The composition described above has surprising properties when introduced into the apparatus shown in FIG. 1 for substantial saponification of the present invention and processed through the apparatus, as shown below, and has hardness, foaming, dissolving power and transparency. It produces light colored soaps that have the same at least equivalent physical properties and at the same time have much better aroma stability than that obtained by the batch process.

In FIG. 1, as a method of practicing the present invention, the composition is separated into a mixture of the first and second components, ie, into the respective first and second separation tanks 11, 12. Each mixture was pumped from tanks 11 and 12 by speed control pumps 13 and 14 and sent to mixing tank 15 enclosed by water jacket 16 respectively, and then the first and second mixed mixtures. (These are carefully controlled by individually adjusting the speeds of the feed pumps 13 and 14 to maintain their stoichiometric equilibrium in the mixing tank 15.) The second mixing tank (enclosed by the water jacket 20) 19) by the third speed control pump 18. Special additional ingredients may be added to the composition in this part of the process. In the tank 19 the mixture is mixed again with the added mixture and sent through a discharge tube 21 to a suitable mold 22 and further detailed operation is described in detail below.
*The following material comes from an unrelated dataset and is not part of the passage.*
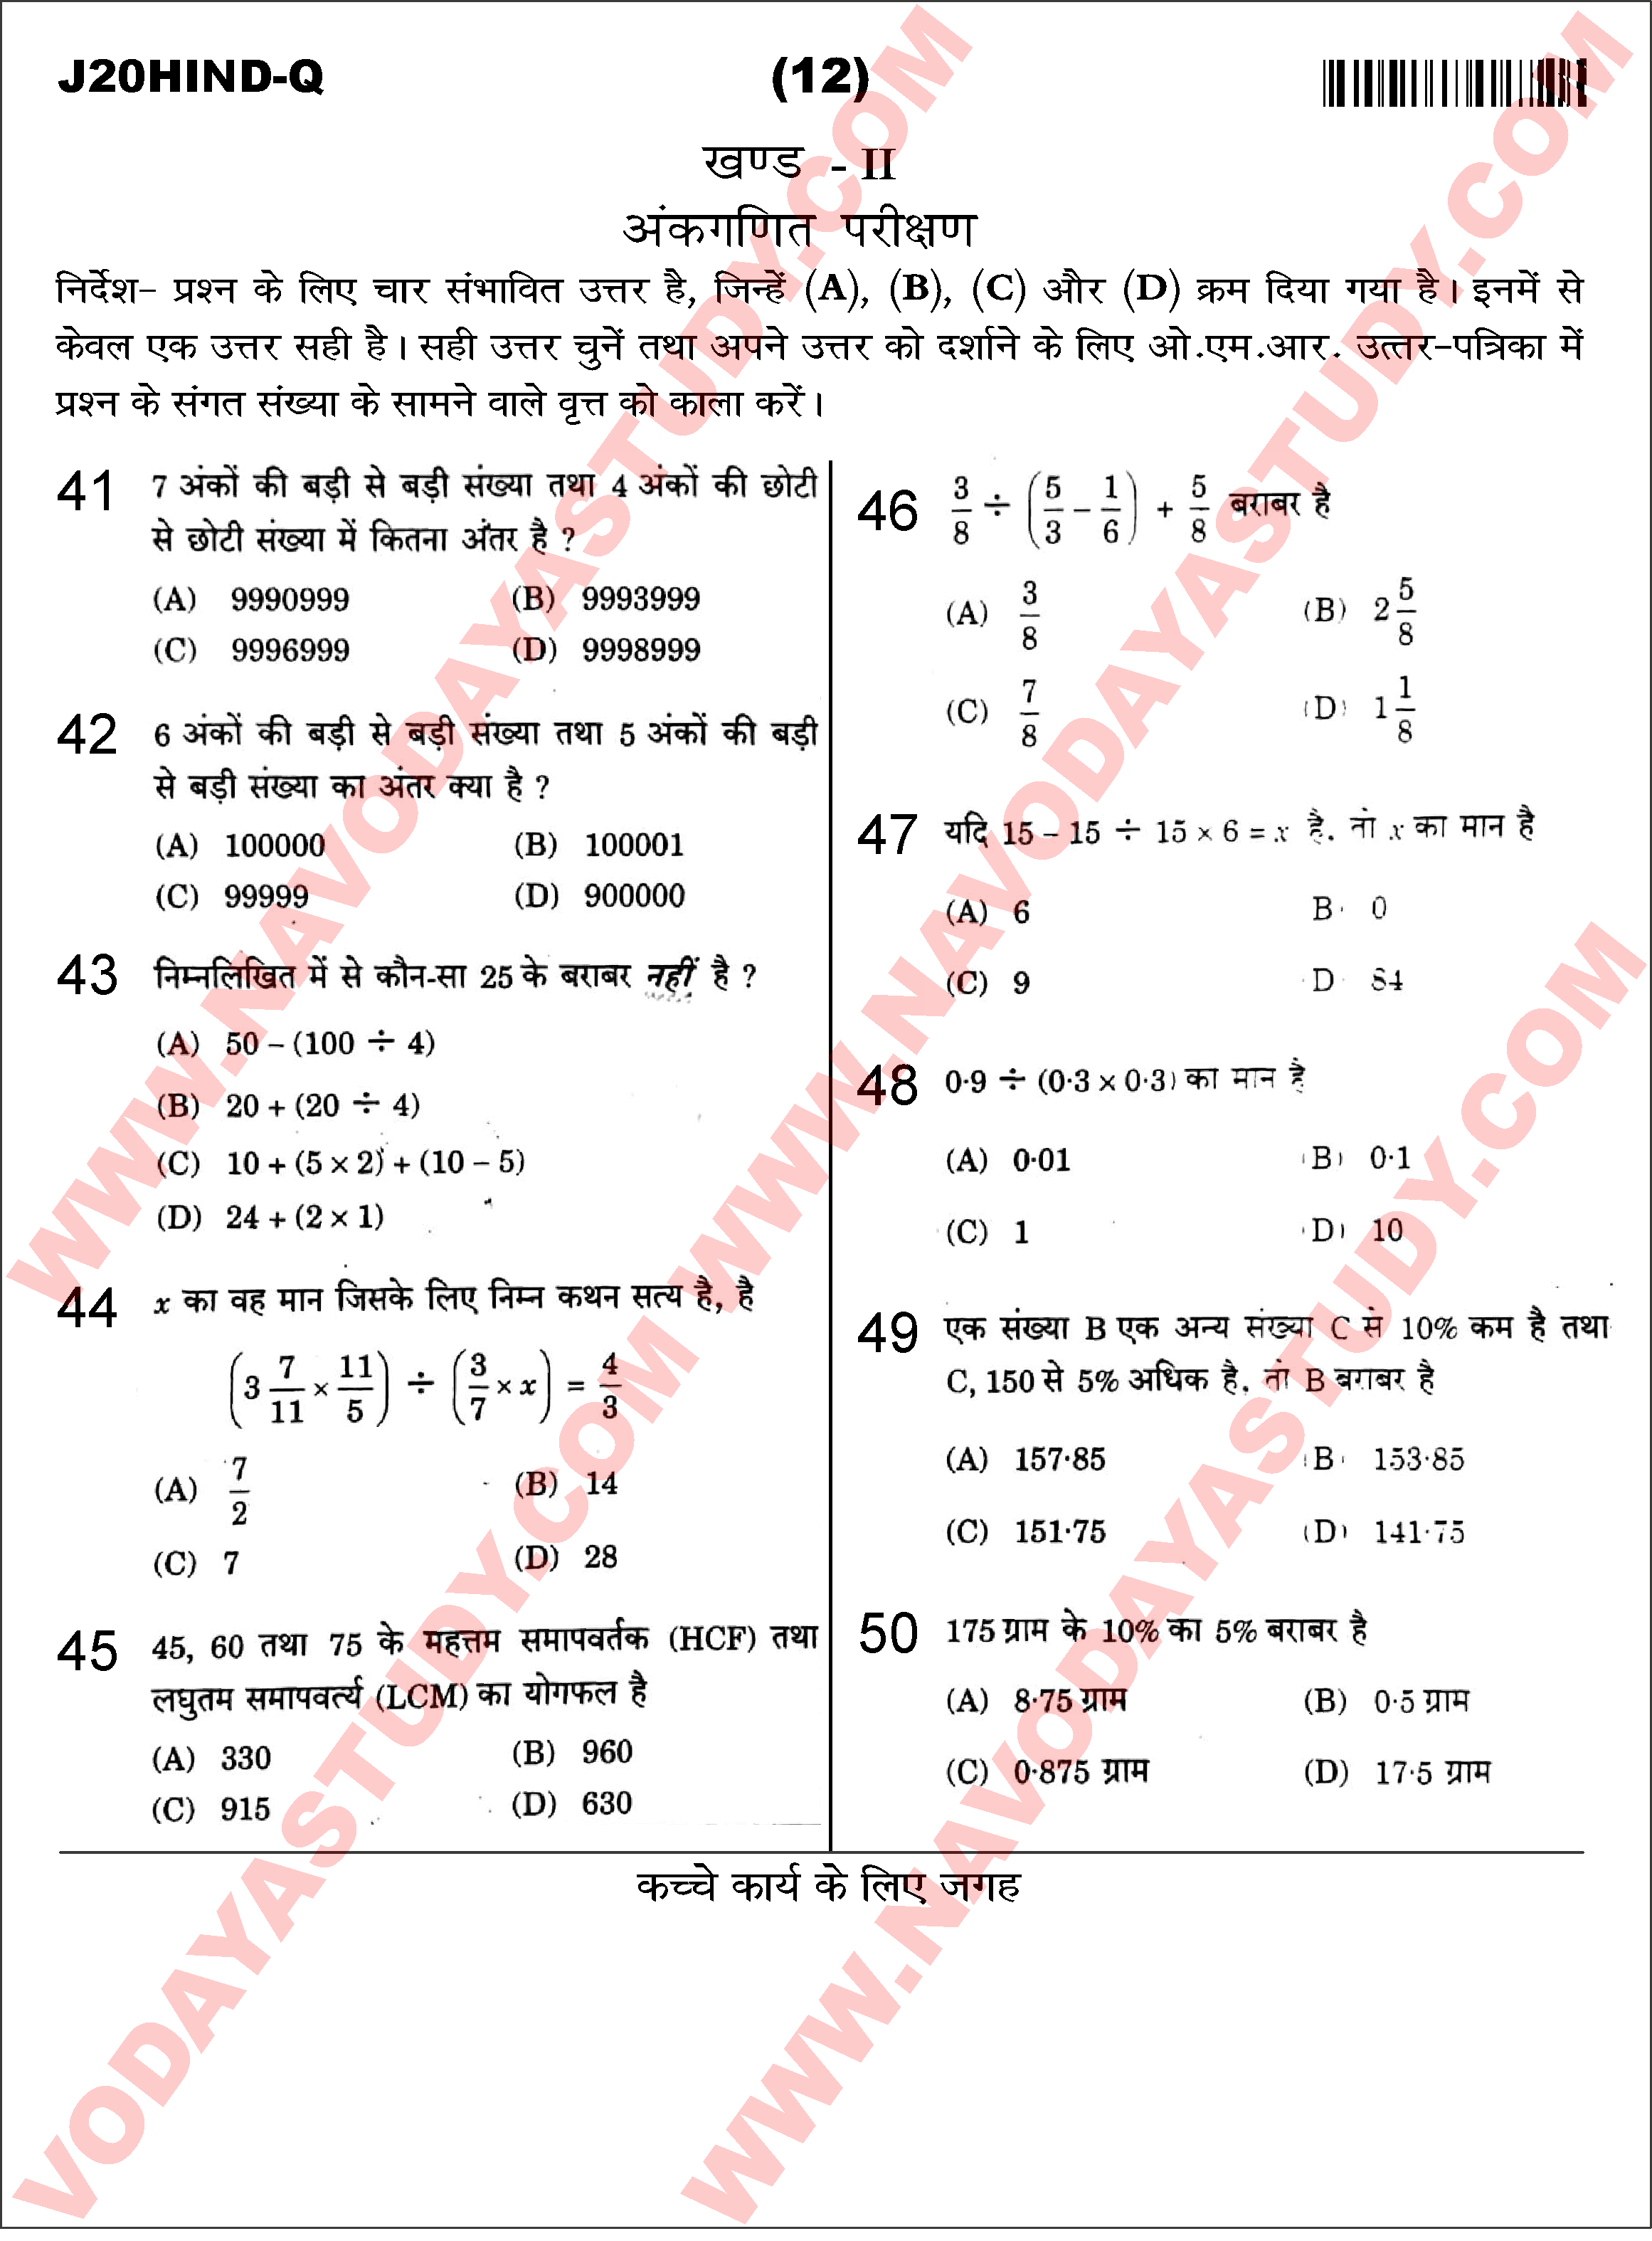 MGNF Answer Key Out Download PDF blogger.com Exam Key

A suitable water heater 23 is placed in the adjacent water jacket 16 and supplies water heated to about 90 ° C. to the water jacket 16 through an inlet tube. The water is sent to the jacket 20 through a suitable pipe 24, and then water from the jacket 20 is stripped through a suitable pipe 25, which may be adjusted for drainage (not shown), or a heater ( 23 may be withdrawn into reservoir 26, and in either case special equipment may be required.

Regardless of the mixture, the soap bars produced herein are formed by flowing a heated (60 ° C. to 85 ° C.) soap mixture into the bar mold and then processed into the same shape. It will be described in more detail below.

The mold 22 filled with the mixture preferably places a suitable conveyor system 28 for transporting the mold 22 into a cooler 29 containing a refrigerant of about -30 to 6 ° C obtained by freezing. The mold 22 filled with the mixture maintains cooling at this temperature for 5 to 45 minutes to produce an acceptable hardness (about 120 + 40), amorphous and stain-free transparent bar (see below). Examples 12 and 13)

The hardness here is measured in millimeters by using a hardness tester (Penetrometer, Precision Scientific, Chicago, Ill.) The depth of penetration of the bar with a 50g needle in a given time. The greater the depth of penetration, the softer the soap bar. Finally the bar is separated from the mold and packaged in the usual manner to prepare for commercial use.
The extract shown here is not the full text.